Марк кивал, тупо глядя на фиолетового уродца на окне, и пытался подобрать слова, которые способны убедить Илью Семеновича. Между тем тот продолжал.
– Превосходно, что вы зашли, Марк! Вас мне сам Господь послал! Я попрошу вас споласкивать тряпку. На окно я вас, конечно, не пущу, но и скакать с подоконника на пол в моем проклятом возрасте уже тяжеловато. Марк, вы меня слушаете? Сполосните же тряпку! Не выжимайте, пятно уже засохло, надо его размочить.
Держа тряпку двумя пальцами, Марк окунул ее в ведро и протянул учителю. С обвисшего края лились светло-сиреневые струи и растекались по подоконнику, оставляя дорожки на пыльной покатой поверхности.
– Вы не заболели, Марк? Что-то вы нынче молчаливый.
– У нас контрольная была, – промямлил Марк, снова склоняясь к ведру.
– Ужасно! Как я вас понимаю. Не помню состояние после контрольных, но после экзаменов в институте я пластом лежал до самого вечера.

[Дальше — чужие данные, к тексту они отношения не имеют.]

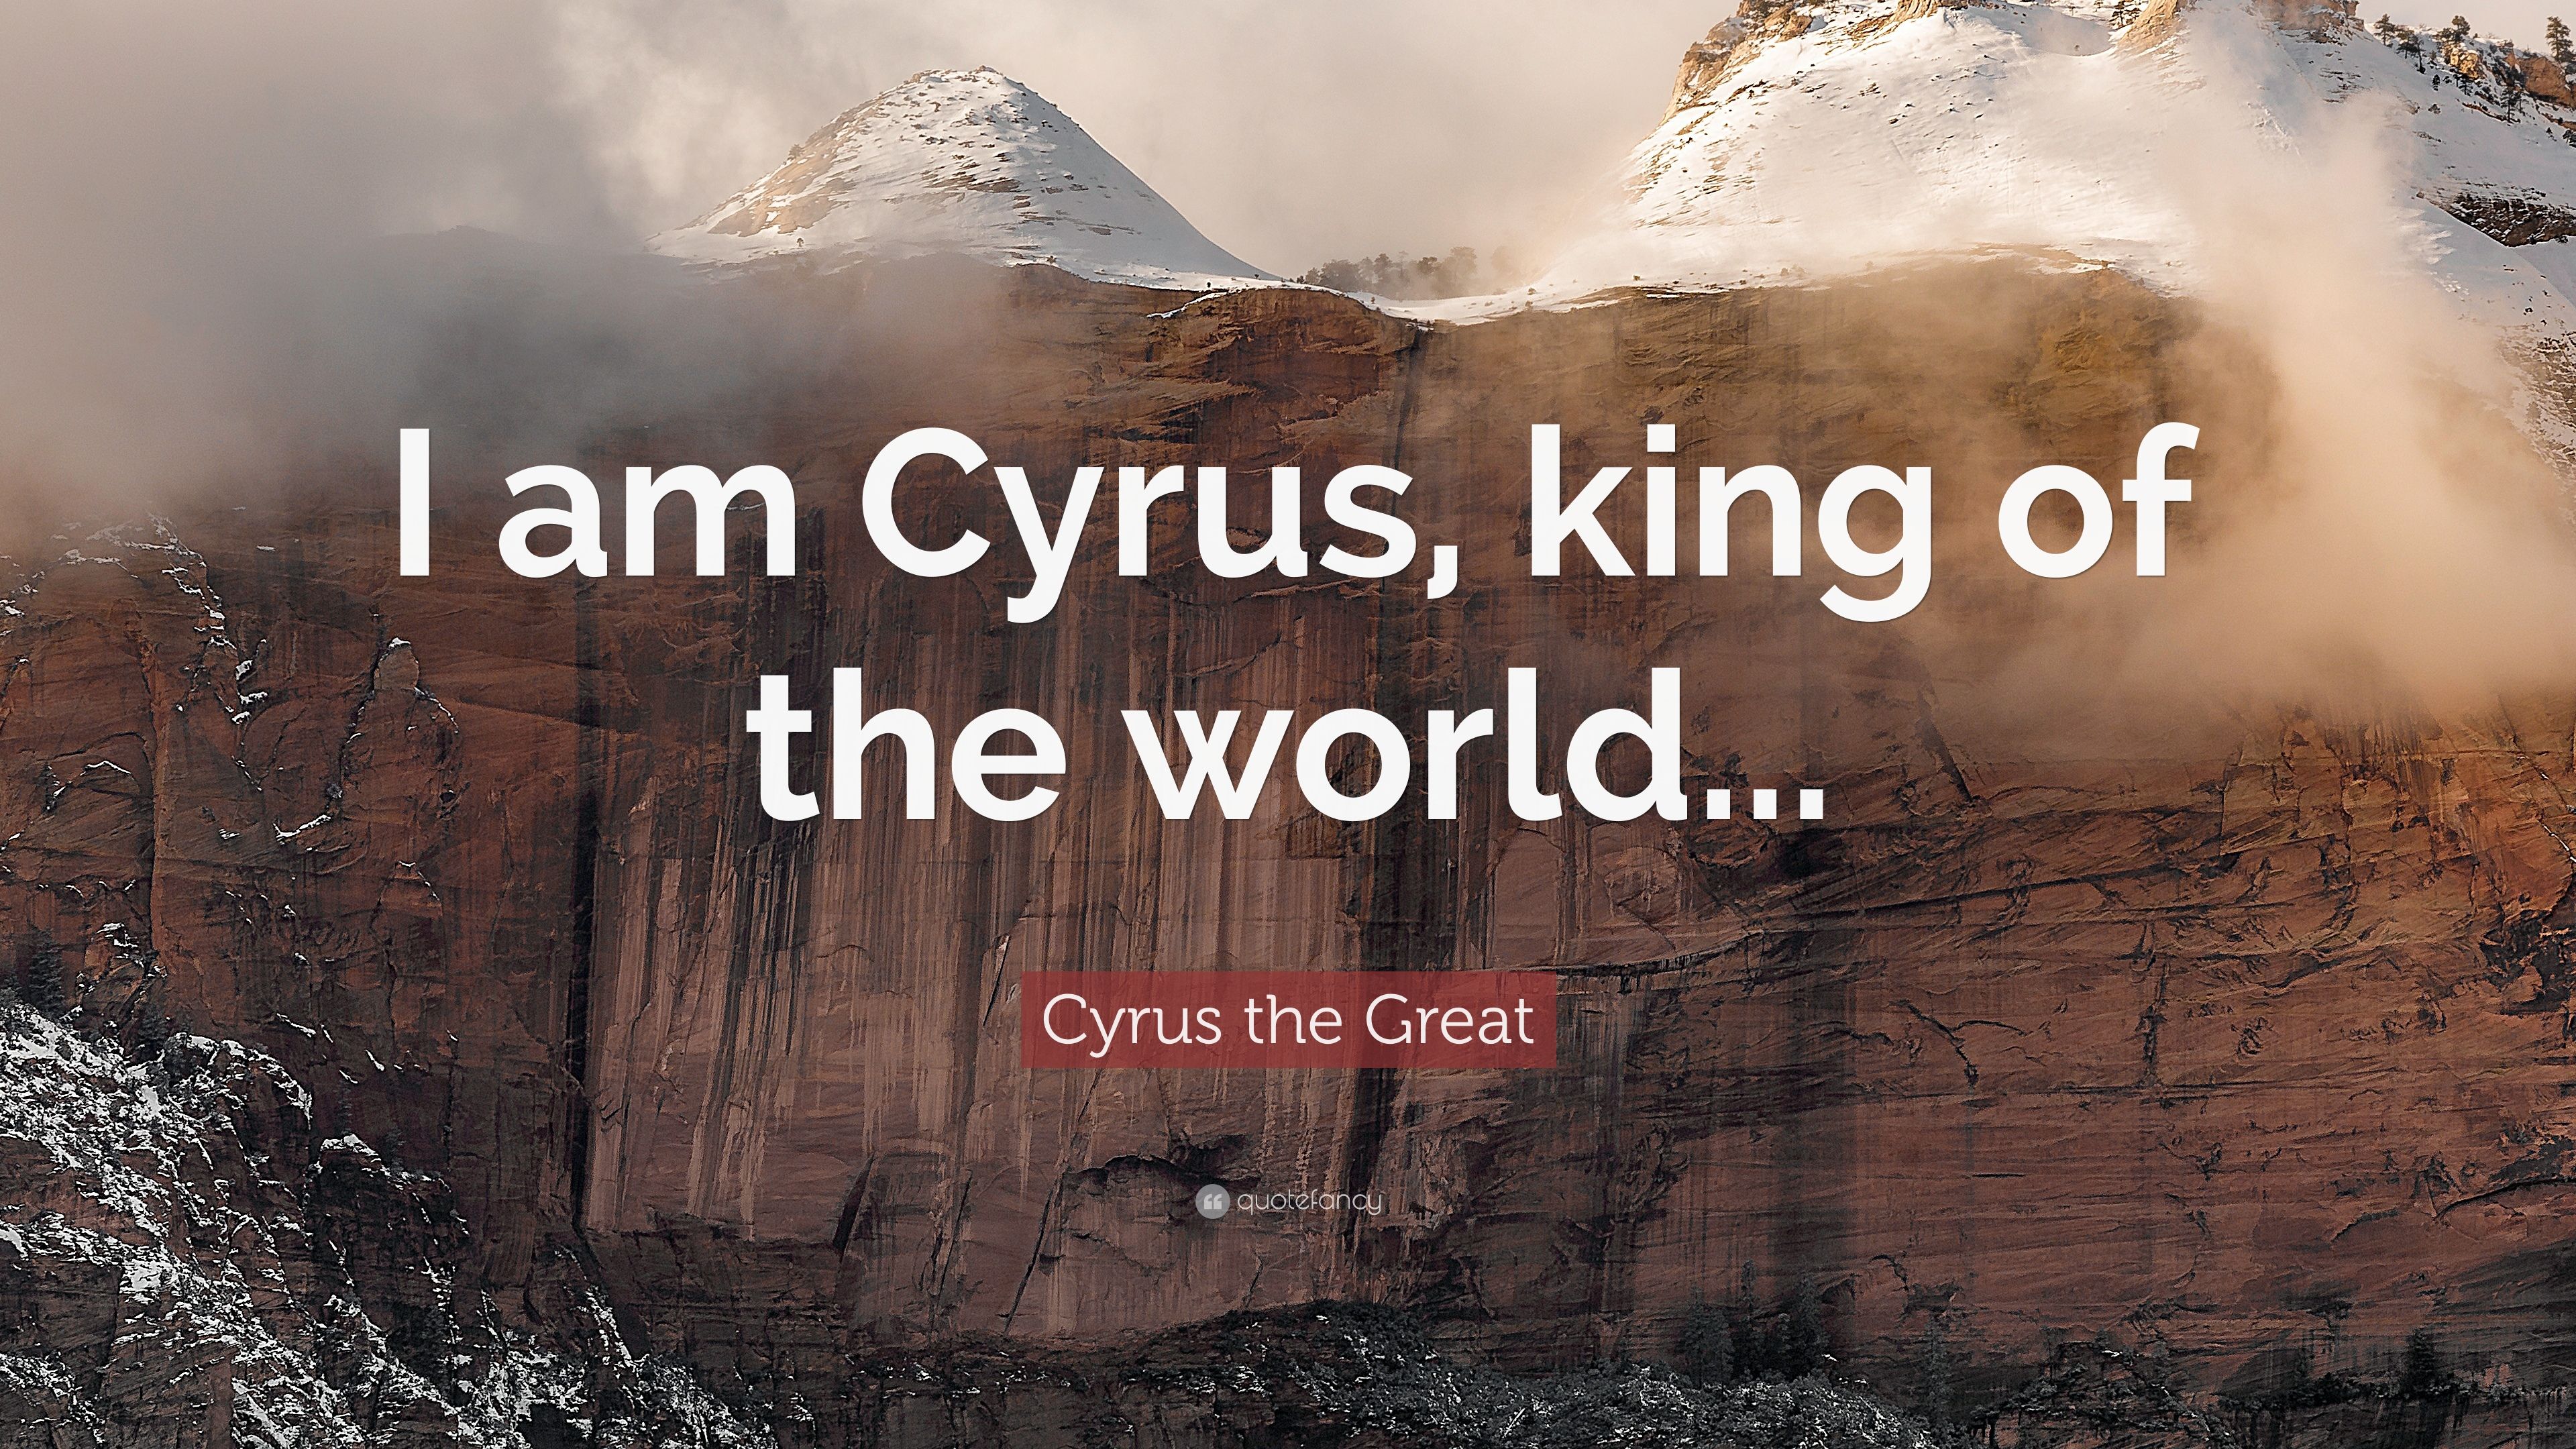 Cyrus the Great Quotes (12 wallpaper)

Иезуитская придумка эти экзамены!.. Черт, никак не могу дотянуться до второго яйца! Ох, простите, Марк!
Всплеснув руками, Илья Семенович обдал Марка веером грязных брызг и, еще сильнее смутившись, резко подался вперед, желая отереть мальчику лицо. Но тут его нога попала в лужицу, набежавшую с тряпки, и, неловко взметнувшись, учитель откинулся всем телом назад. Впервые, не успев подумать, Марк совершил действие. Сбив жестяное ведро, он рванулся к окну и вцепился мокрыми руками в измазанный синий пиджак. Оба упали на подоконник, свесившись через край и дыша ужасом в лицо друг другу.
Придя в себя, Марк с усилием втащил учителя в кабинет и поставил на ноги. Старик вдруг мелко затрясся и осел на пол, залитый грязной водой. Широко раздувая ноздри, Марк пытался восстановить дыхание.

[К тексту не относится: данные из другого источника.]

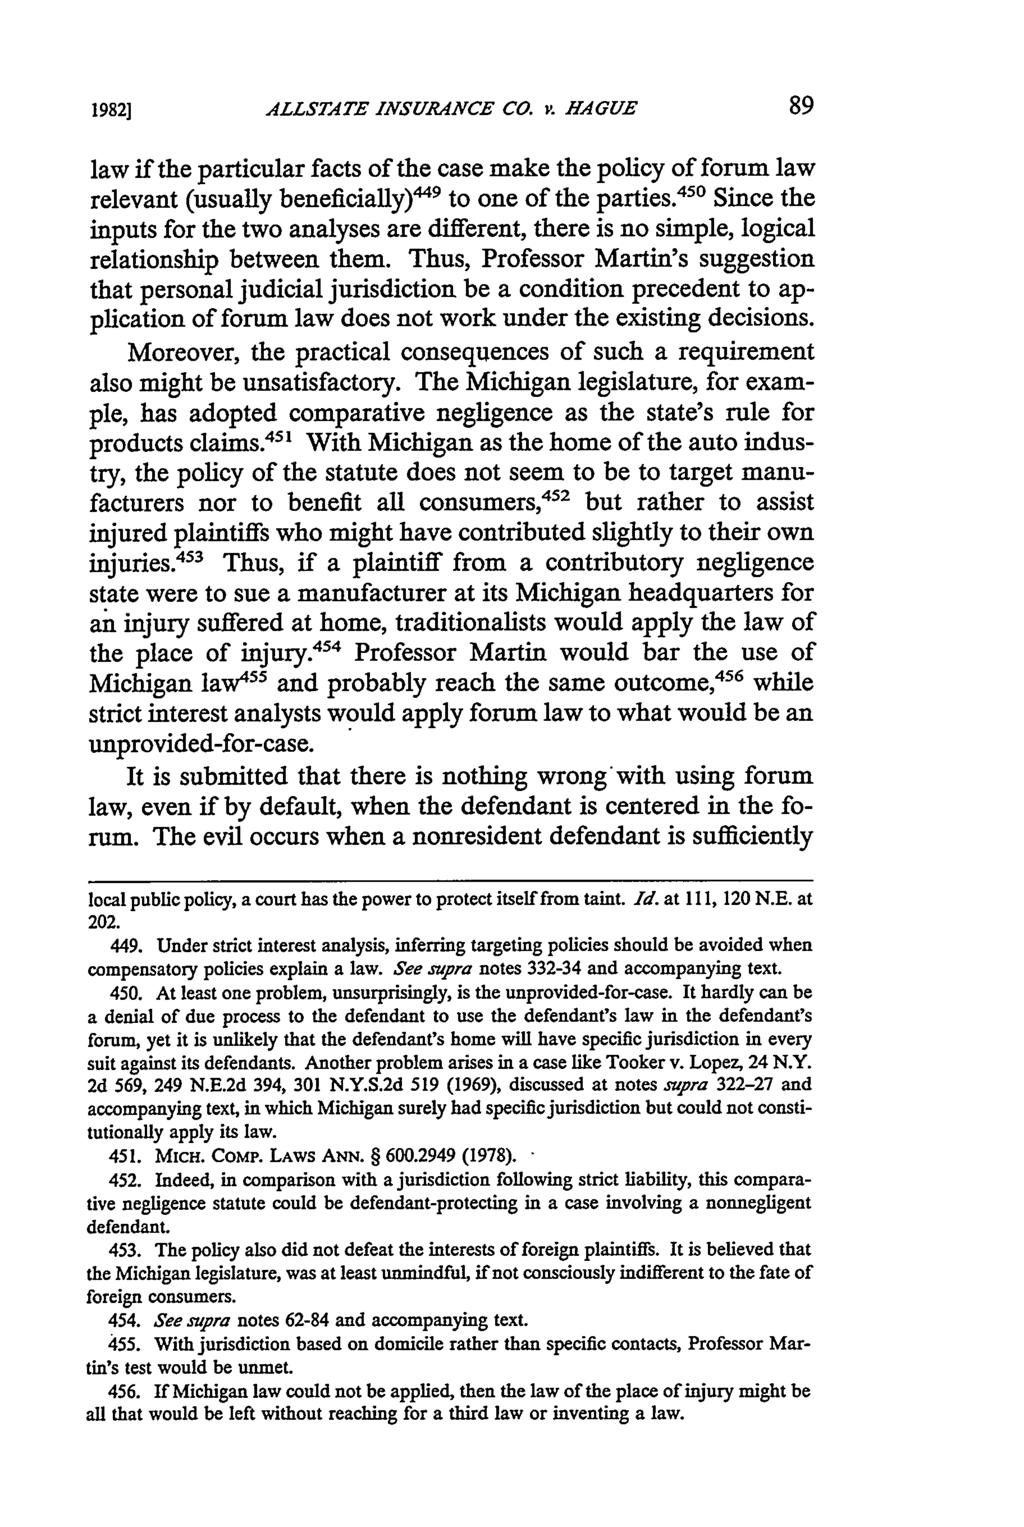 1982] ALLSTATE INSURANCE CO. v. HAGUE law if the particular facts of the case make the policy of forum law relevant (usually beneficially) 4 9 to one of the parties.

– О господи, – простонал учитель, размазывая по лицу сиреневую грязь. – Марк, вы же только что спасли мне жизнь… Мою дурацкую и никчемную жизнь… Марк, вы так рисковали! Я же потерял равновесие и мог утянуть вас за собой. О боже…
Марк уже отдышался и внимательно слушал старика. Этот поступок был совершен инстинктивно, гордиться тут нечем. Он мог растеряться и не сдвинуться с места. И что тогда? Скрюченное жалкое тело на асфальте, темное пятно возле разбитой головы, опухшей медузой вывалившийся язык, уже не способный ничего произнести…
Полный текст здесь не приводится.